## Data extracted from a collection
_ _ _
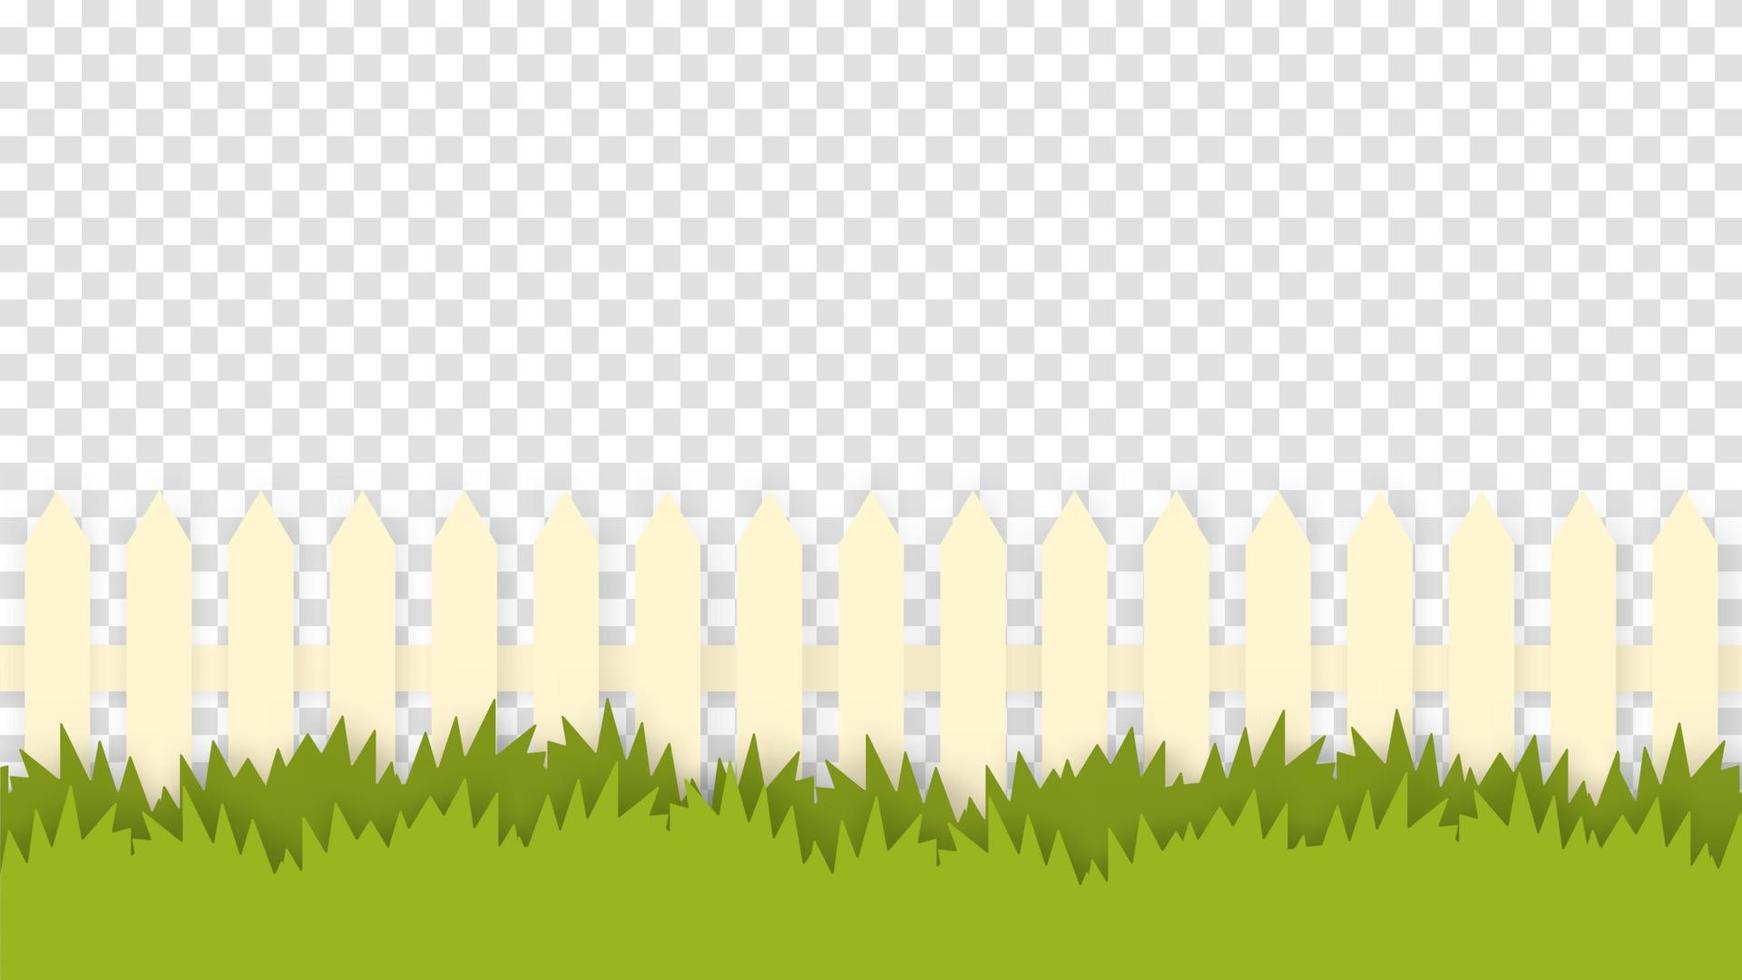 clôture rustique en modèle isolé d'herbe verte. clôture en bois peinte en blanc noyée dans des buissons denses et des mauvaises herbes paysage d'été confortable vecteur de la vie rurale
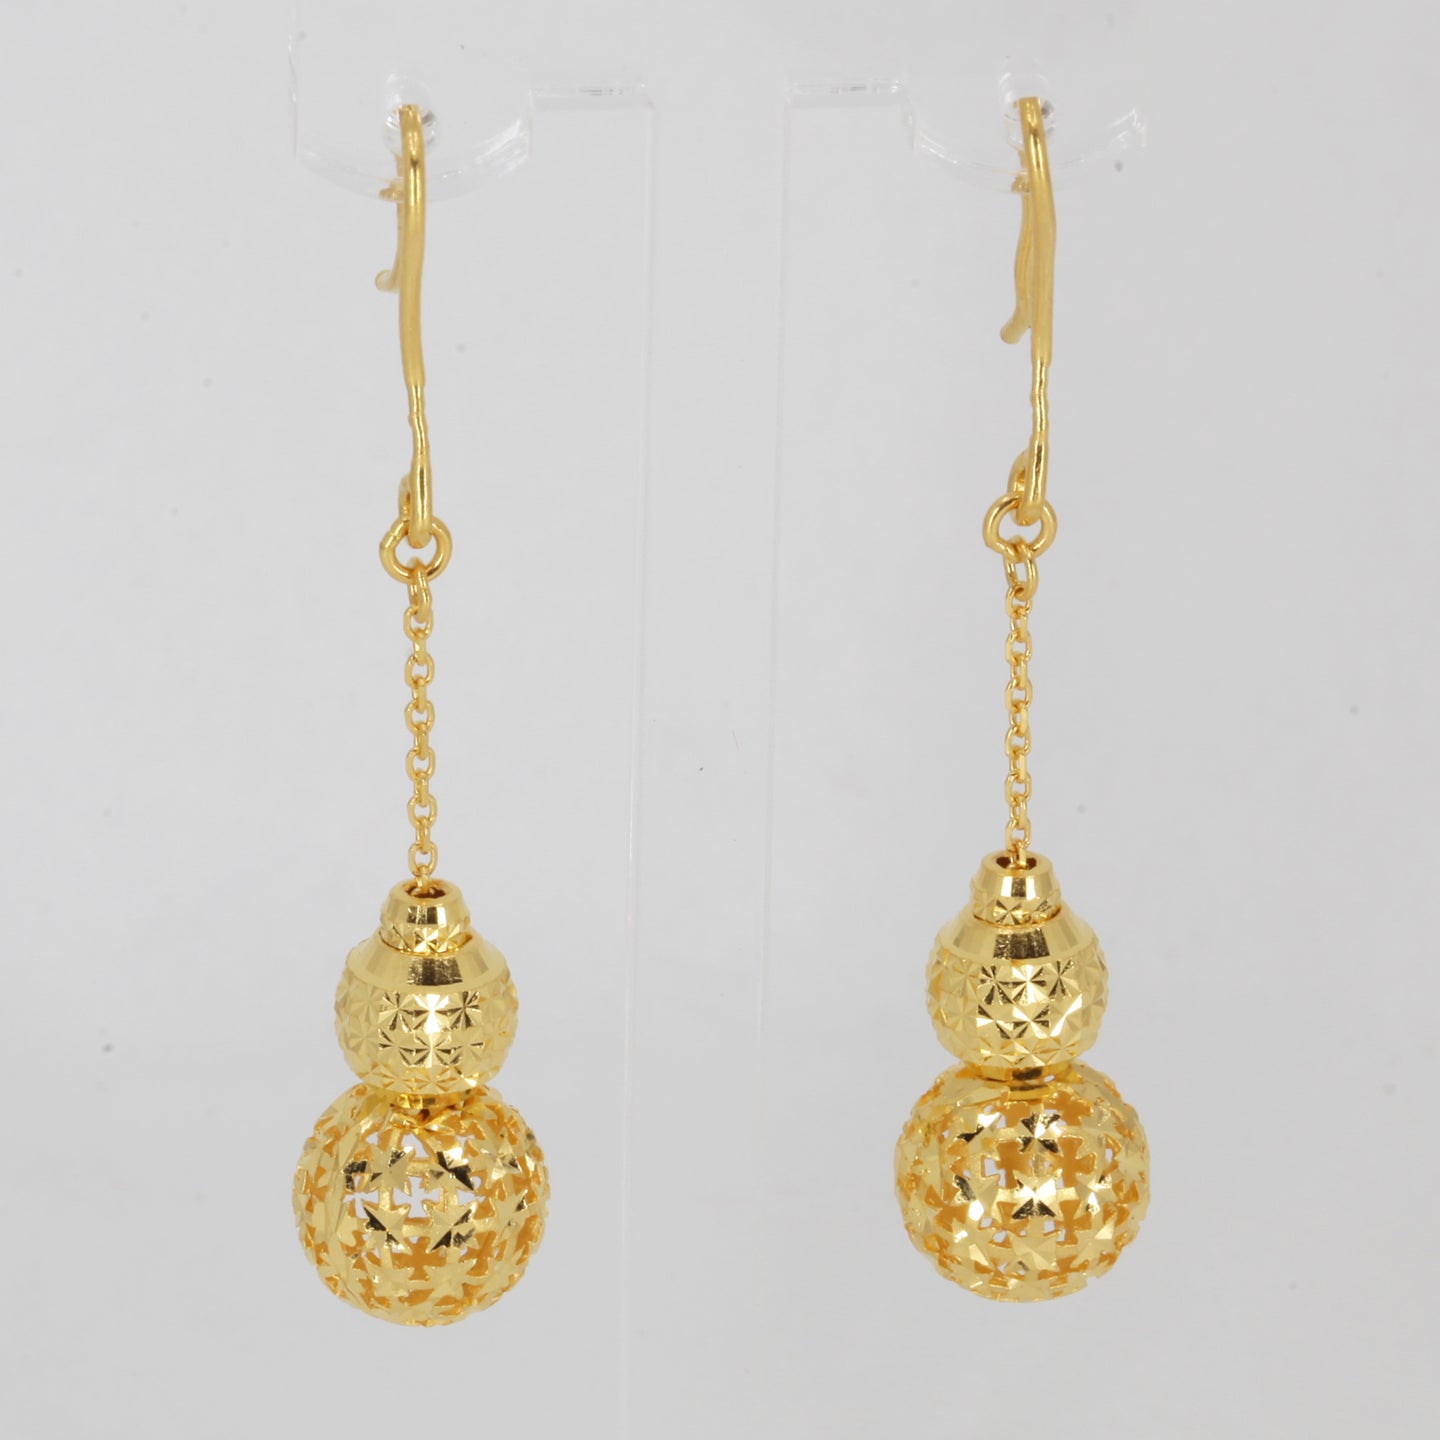 24K Solid Yellow Gold Triple Sphere Hanging Earrings 7.4 Grams
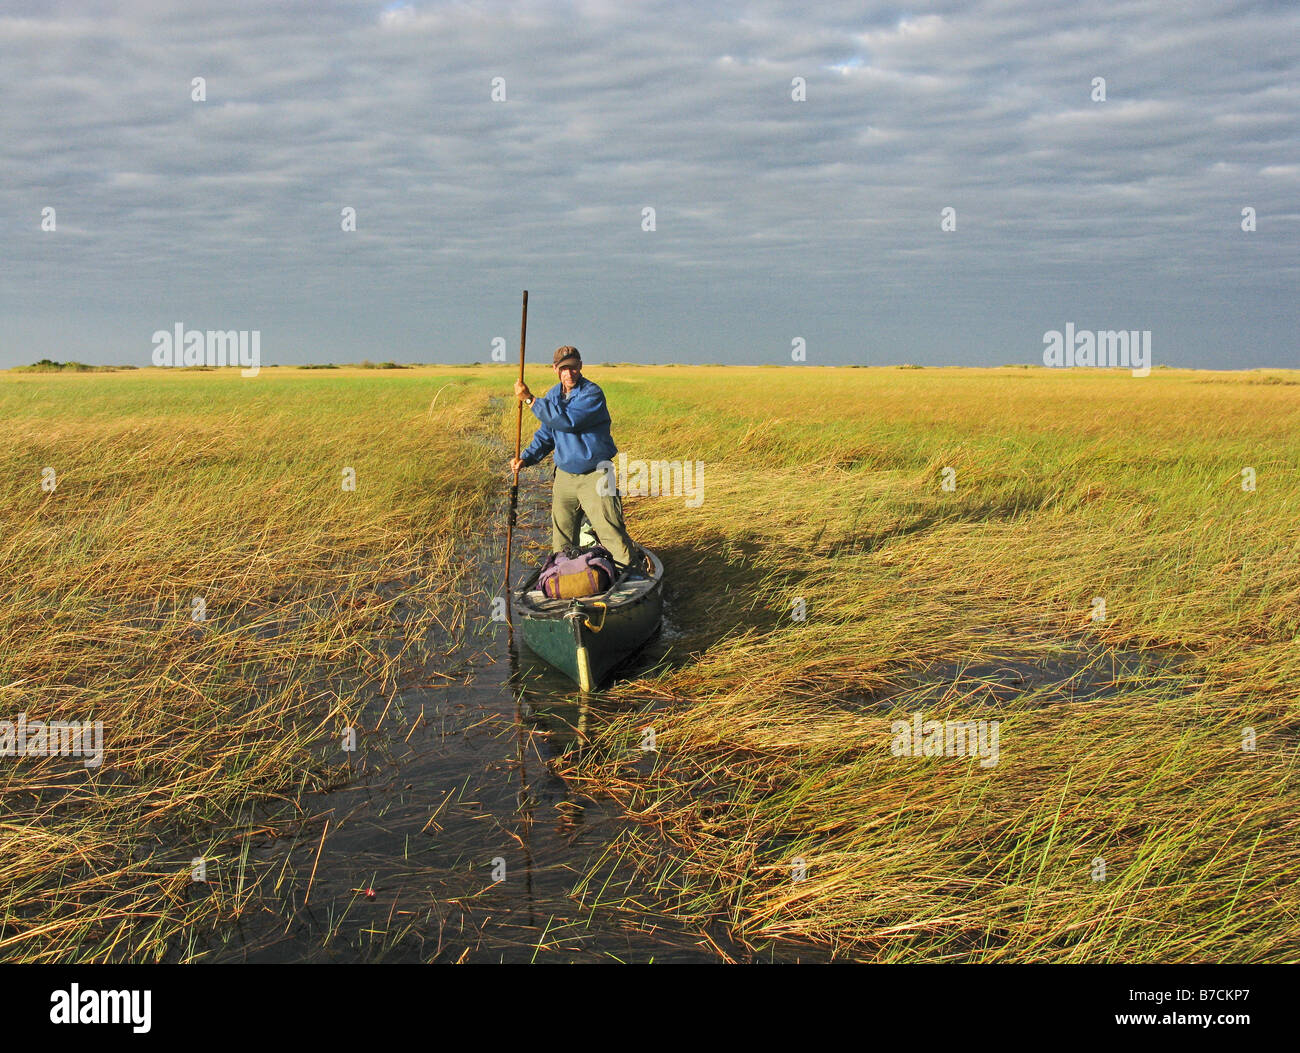 Phil Harwood mit Pol Kanadier durch Rasen Untiefen der Bangweulu Sumpf im Feuchtgebiet von Sambia am Kongo-Fluss zu fahren Stockfoto
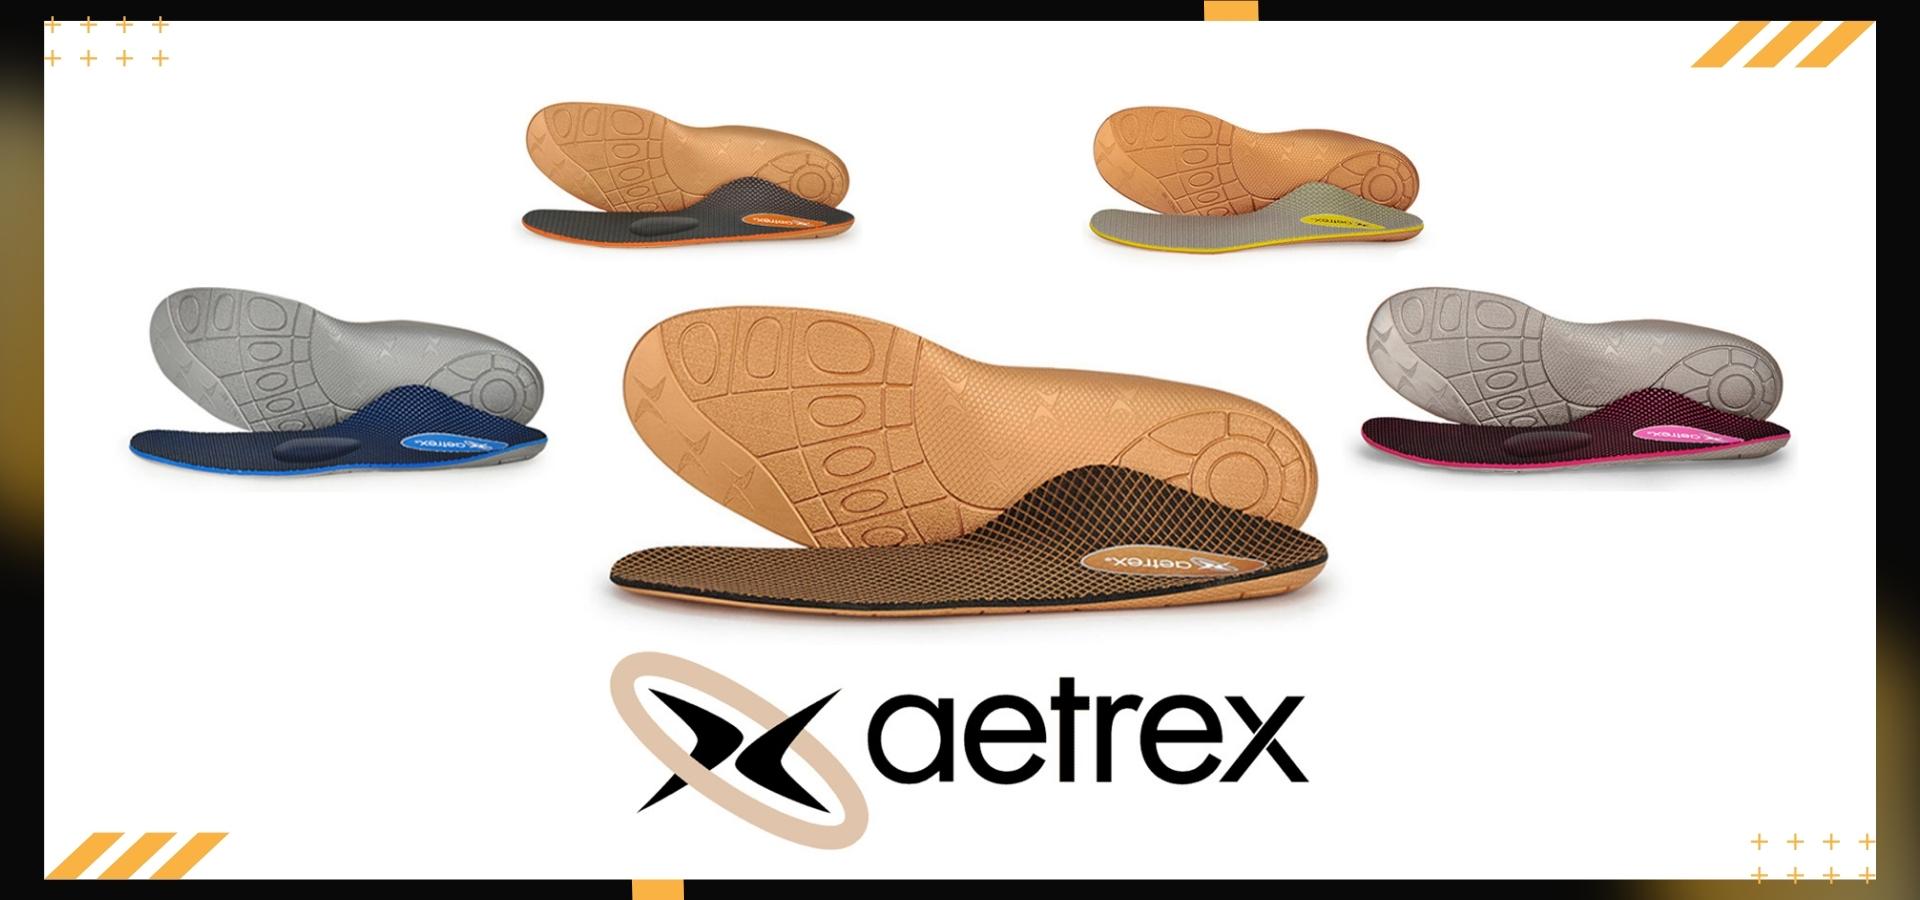 AETREX Premium Orthotics
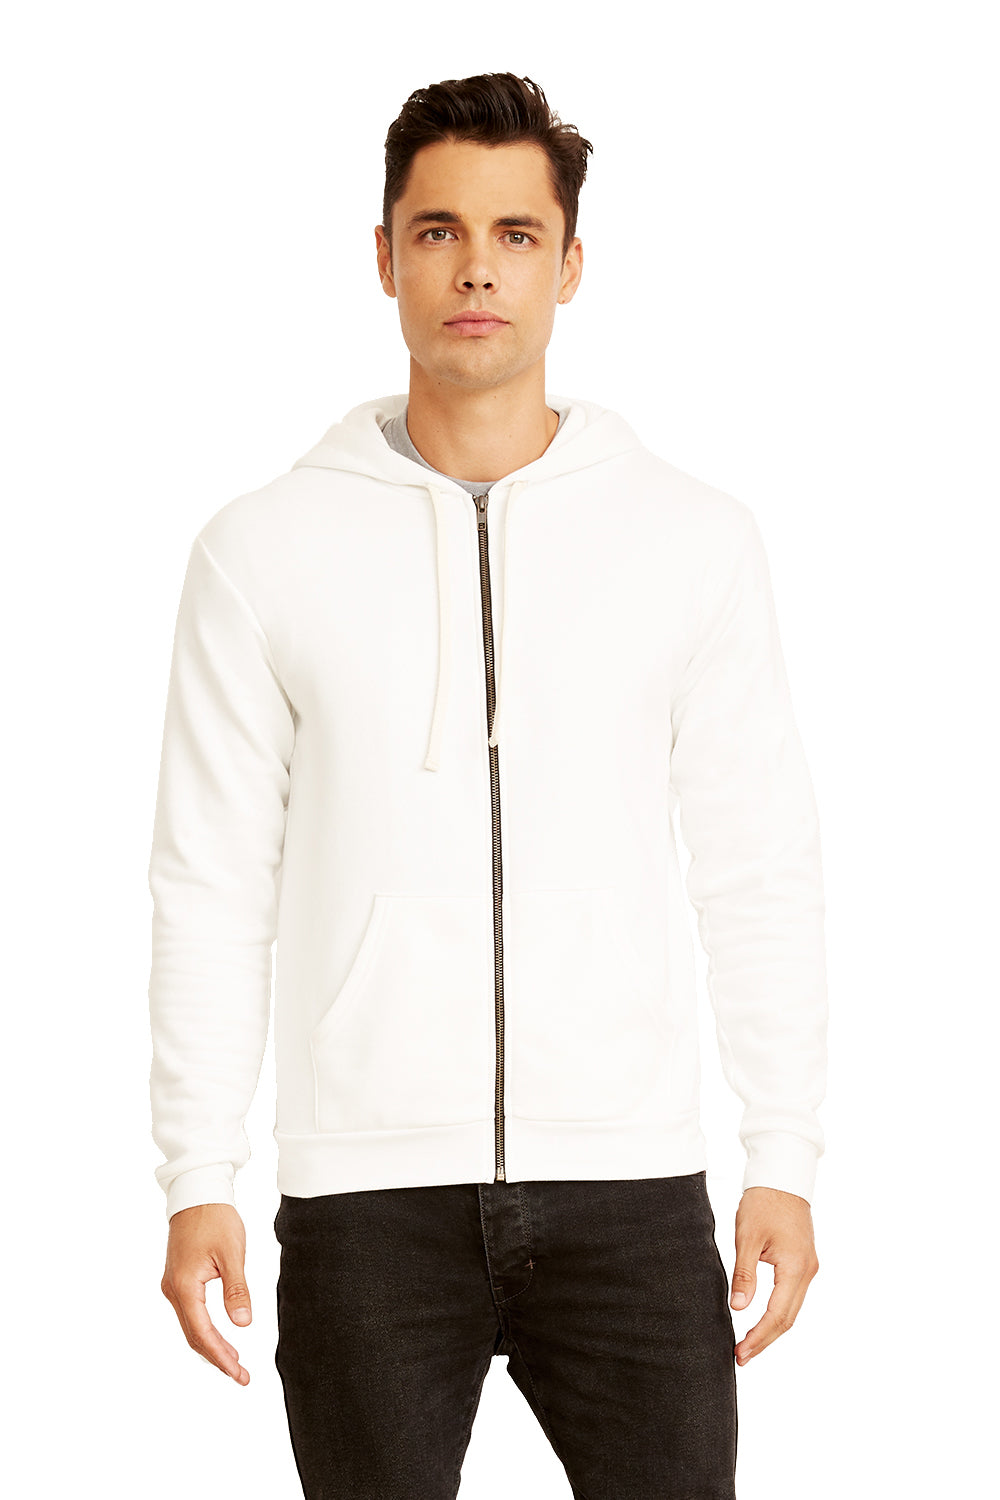 Next Level 9602 Mens Fleece Full Zip Hooded Sweatshirt Hoodie White Front
_ _ _
## Task to complete
Restate the data word for word from its first line through the line with "24K Solid Yellow", leaving out any picture along the way.

## Result
 clôture rustique en modèle isolé d'herbe verte. clôture en bois peinte en blanc noyée dans des buissons denses et des mauvaises herbes paysage d'été confortable vecteur de la vie rurale
 24K Solid Yellow Gold Triple Sphere Hanging Earrings 7.4 Grams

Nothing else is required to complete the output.